Non è più tempo, dobbiamo invadere le nostre vite di pensieri chiari e opere leggere, che restituiscono alla natura spazi ed equilibri e alle nostre menti un po’ di libertà dalle gabbie che noi stessi ci siamo costruiti per difenderci o per sentirci al sicuro.

M’immagino quindi la città che spazza via fumi e idrocarburi, cementi a vista, barriere architettoniche e ostilità per chi è diverso – quindi l’intera umanità – e decide di vivere intensamente consumando esperienze e non suolo, recuperando relazioni, contatti, scambi, cercando il vero profitto, quello che fa guadagnare molto per distribuire di più e ricevere il centuplo.
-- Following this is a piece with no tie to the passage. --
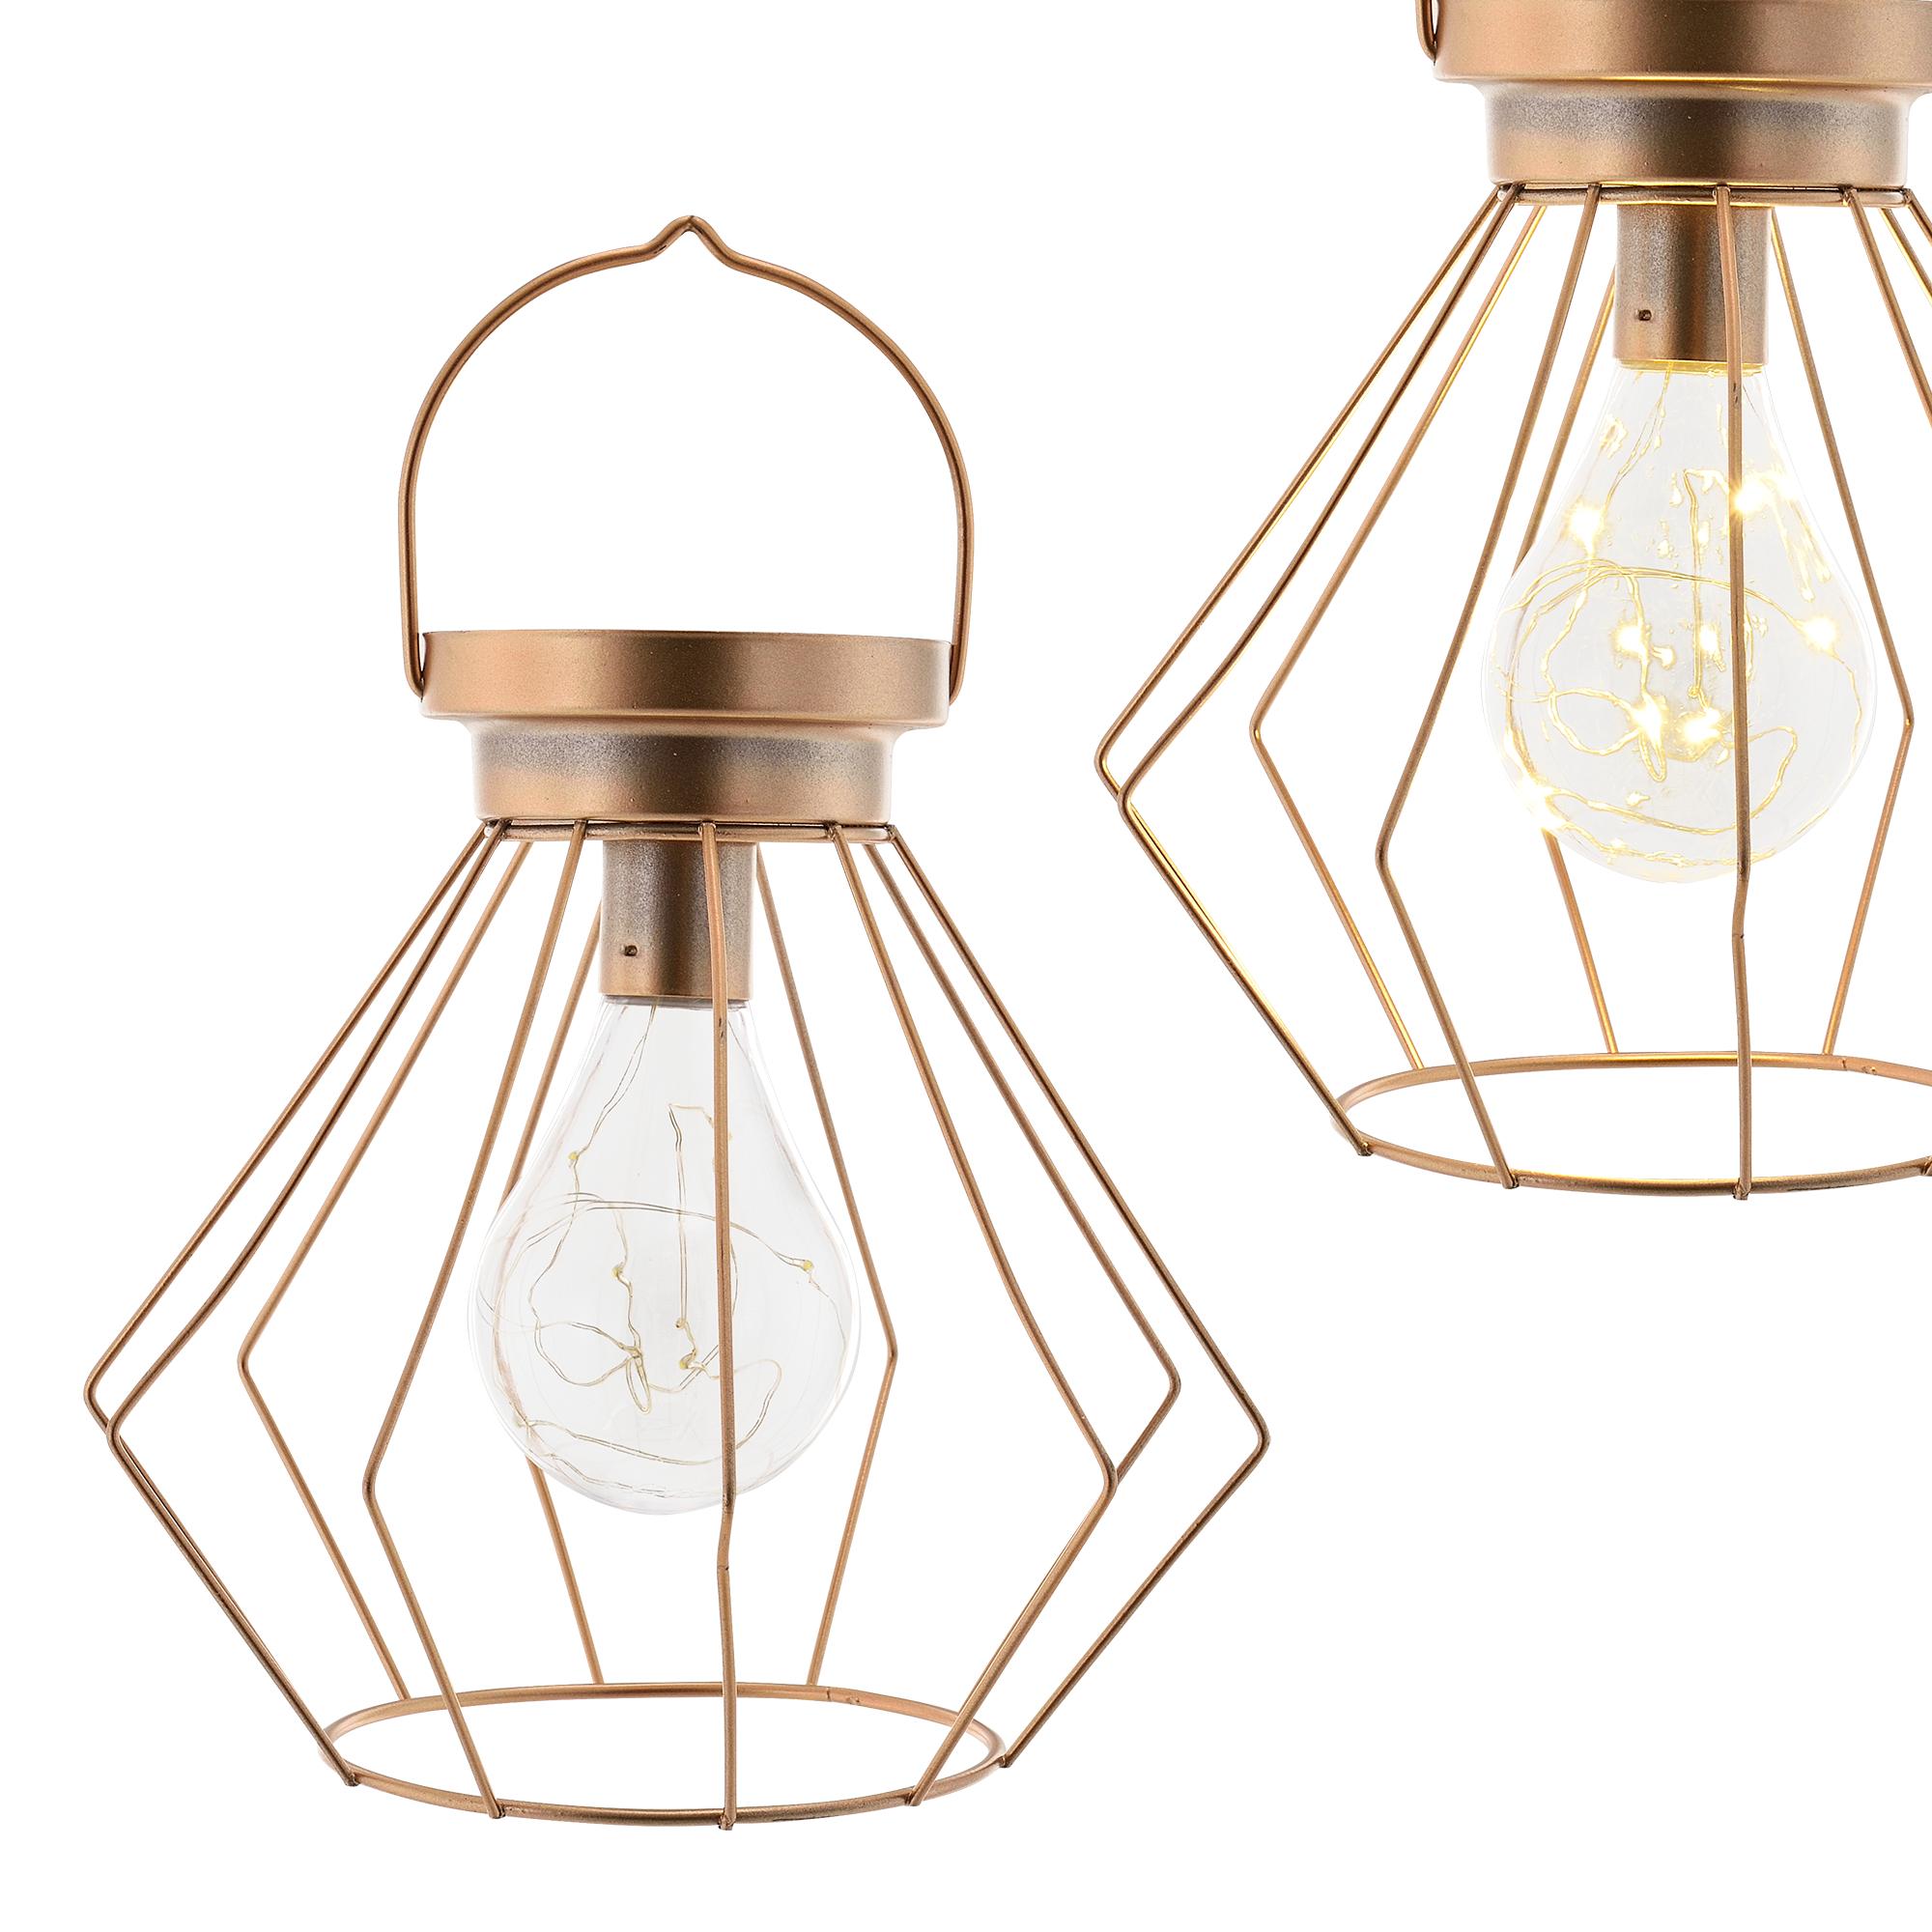 Dekoleuchte dekolampe h ngelampe tischlampe for Tischlampe design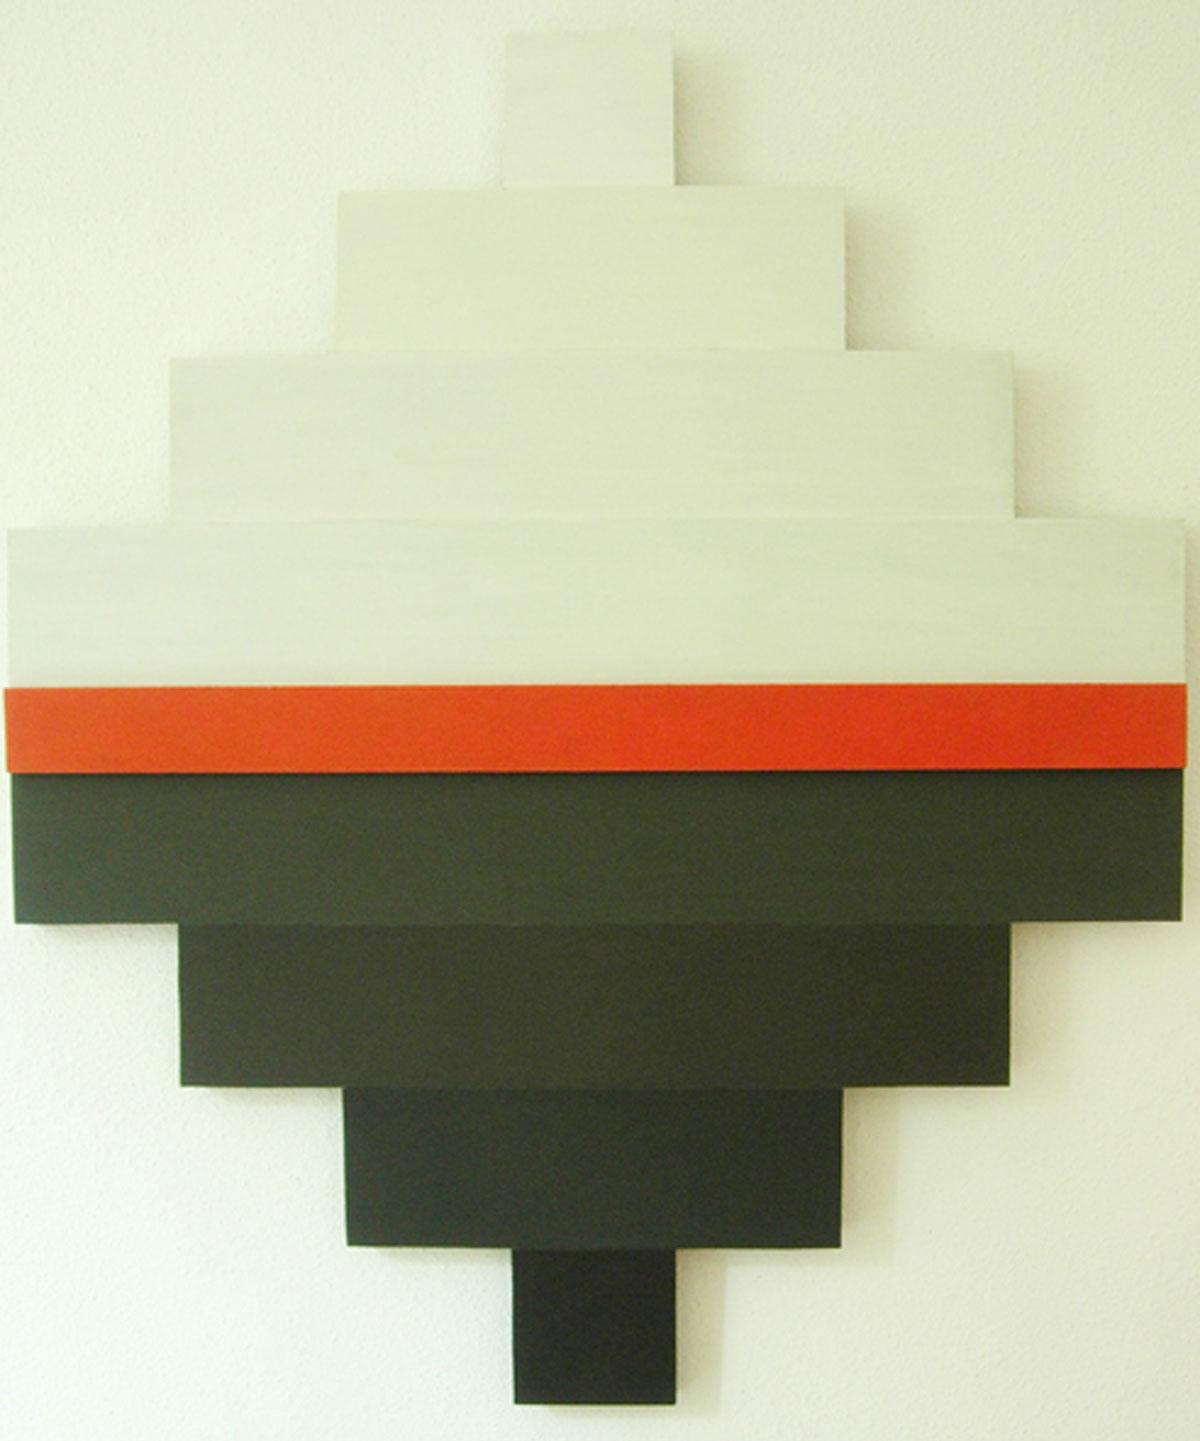 Igor Ganikowskij: Big Composition

Ci vuole passione e misura, come per modellare una buona opera d’arte: troppa energia avventata deforma idee e cose, un’accorta e insieme tesa volontà di agire per spoliazione e non per accumulazione, per tratti e non sversamenti produce una buona forma; ma bisogna essere ispirati da uno sguardo lungo, capace di andare oltre noi: questo può allungare il tempo dell’esistenza di una specie animale tutt’altro che onnipotente, ma capace di captare la presenza di un mistero nell’universo e nutrirsene, alimentando il vero bene.